- **What is being asked**
Your answer should hold exactly the lines below from the line with "Lauda TR400 HK-EX" through the line with "Merle Haggard song: San", both included, and no pictures at all.

*** Excerpted records

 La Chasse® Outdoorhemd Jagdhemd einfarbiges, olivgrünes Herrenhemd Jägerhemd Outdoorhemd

******
*** Excerpted records

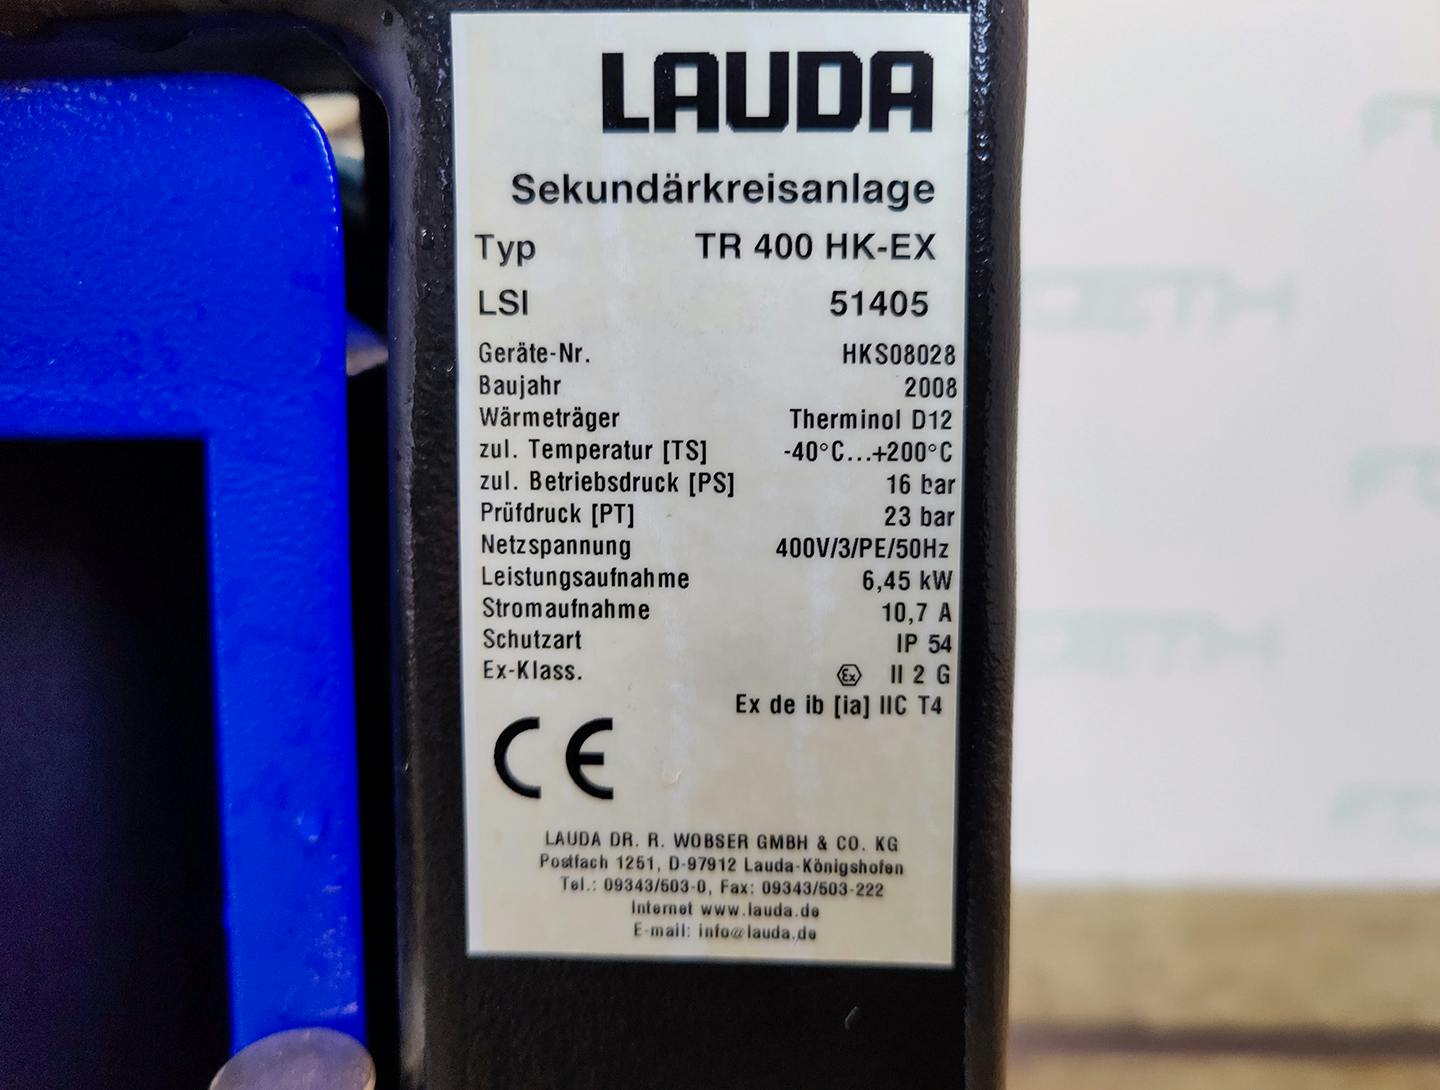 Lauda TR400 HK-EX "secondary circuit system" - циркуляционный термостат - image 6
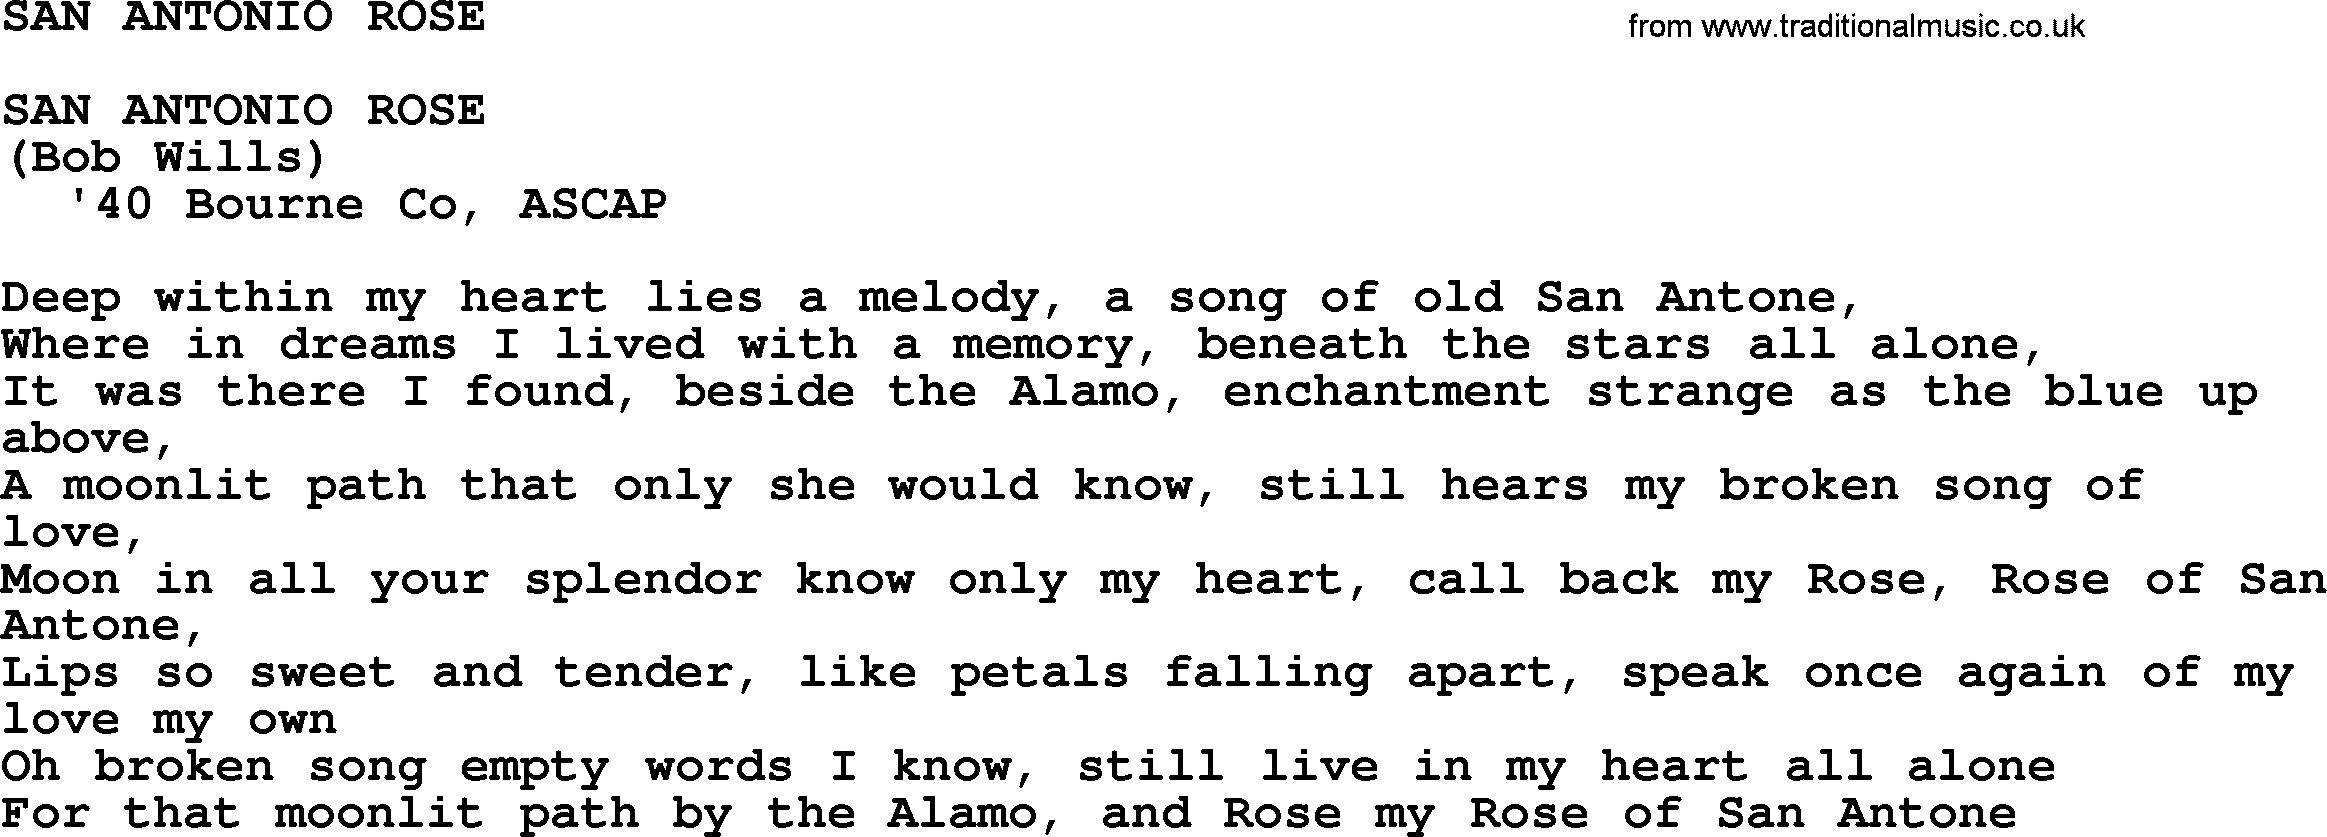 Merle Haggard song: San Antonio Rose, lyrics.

******

- **Result of the task**
 Lauda TR400 HK-EX "secondary circuit system" - циркуляционный термостат - image 6
 Merle Haggard song: San Antonio Rose, lyrics.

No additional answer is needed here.